2.8 VOTING OF SHARES. Except as otherwise provided in these Bylaws or to
the extent that voting rights of the shares of any class or classes are limited
or denied by the Certificate of Incorporation, each stockholder, on each matter
submitted to a vote at a meeting of stockholders, shall have one vote for each
share of stock registered in his name on the books of the Corporation.
2.9 FIXING OF THE RECORD DATE. For the purpose of determining
stockholders entitled to notice of or to vote at any meeting of stockholders,
or any adjournment thereof, or entitled to receive payment of any dividend, or
in order to make a determination of stockholders for any proper purpose
(including a determination of the stockholders entitled to examine the voting
record as provided in Section 2.6 of these By-Laws), the Board of Directors may
fix in advance a record date for any such determination of stockholders, which
record date shall not precede the date upon which the resolution fixing the
record date is adopted by the Board of Directors, and which record date shall
not be more than sixty (60) days and, in case of a meeting of stockholders, not
less than ten (10) days prior to the date on which the particular action
requiring such determination of stockholders is to be taken. When a
determination of stockholders entitled to vote at any meeting of stockholders
has been made as provided in this Section 2.9, such determination shall apply
to any adjournment thereof.
2.10 PROXIES. A stockholder may vote either in person or by proxy
executed in writing by the stockholder or his duly authorized attorney-in-fact.

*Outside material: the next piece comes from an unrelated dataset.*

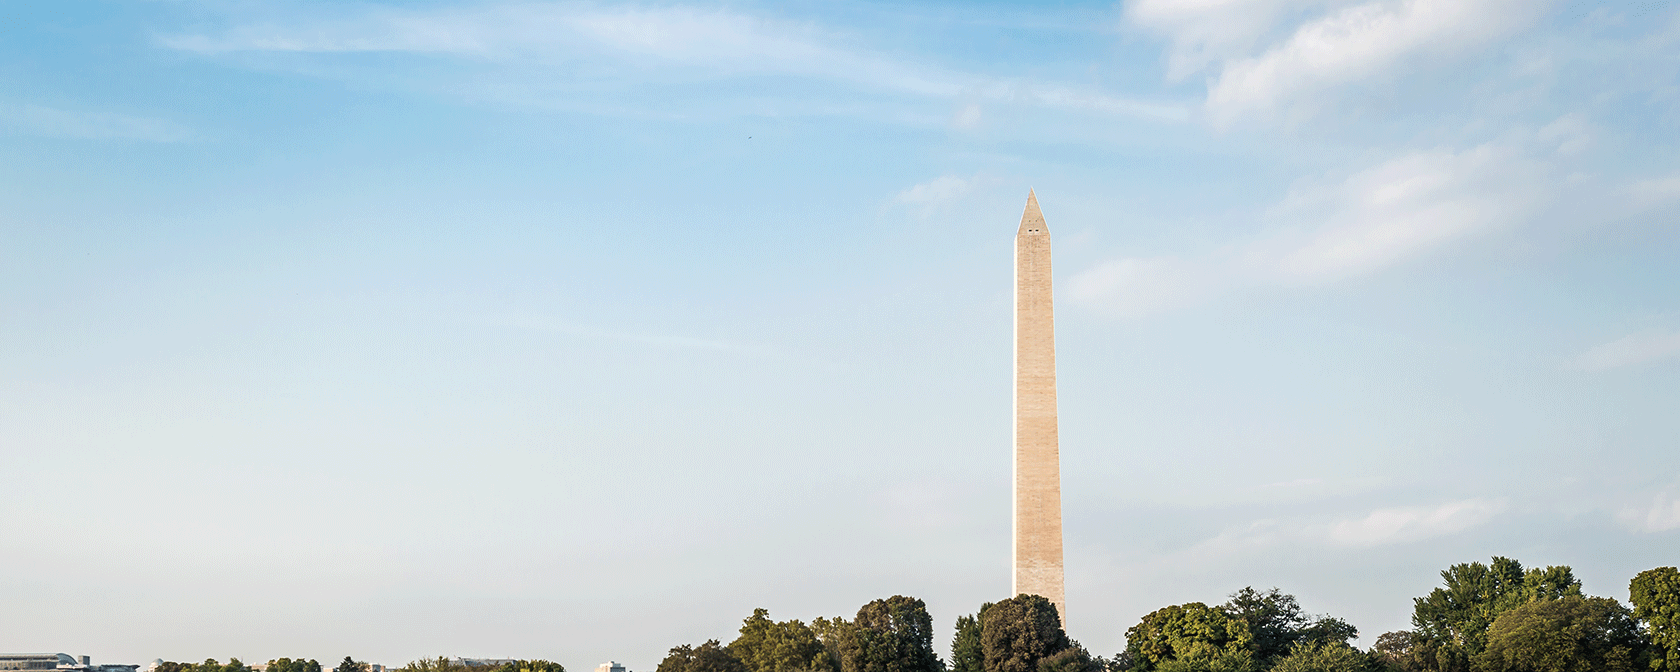 Monumento a Washington visto desde la Cuenca Tidal
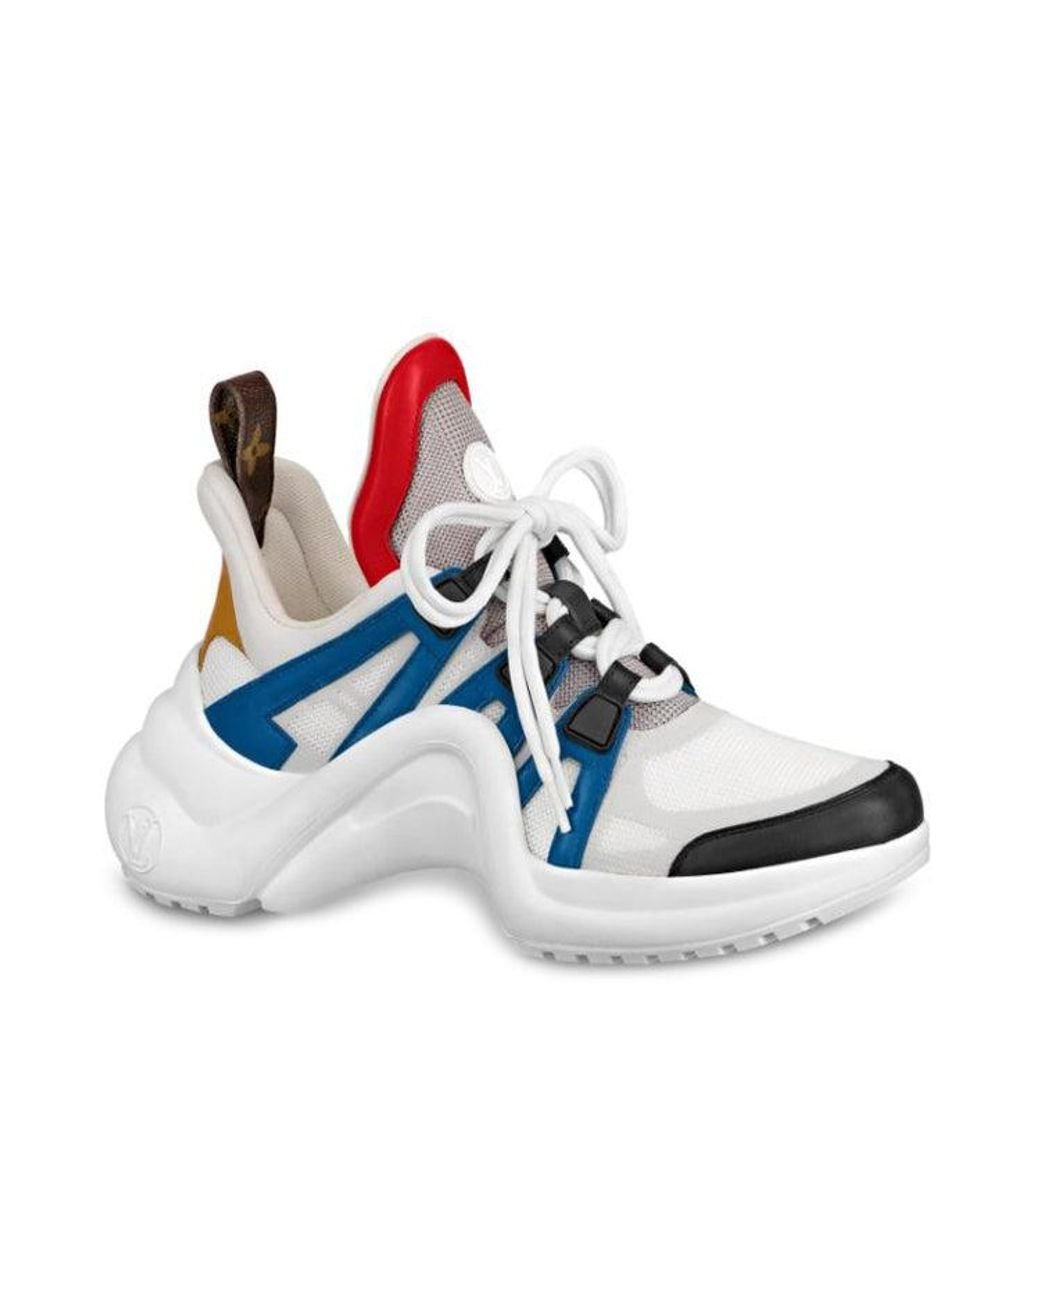 Louis Vuitton, Shoes, Louis Vuitton Lv Archlight Sneaker

Without limiting the manner in which a stockholder may authorize another person
or persons to act for him as proxy, a stockholder may grant such authority in
the manner specified in the General Corporation Law of the Commonwealth of
Puerto Rico. No proxy shall be valid after three years from the date of its
execution, unless otherwise provided in the proxy. Proxies solicited by or on
behalf of the management shall be voted as directed by the stockholder, or in
the absence of such direction, as determined by a majority of the Board of
Directors. Proxies must be filed with the Secretary of the Corporation.
2.11 WAIVER OF NOTICE. A waiver of any notice required to be given any
stockholder, signed by the person or persons entitled to such notice, whether
before or after the time stated therein for the meeting, shall be equivalent to
the giving of such notice.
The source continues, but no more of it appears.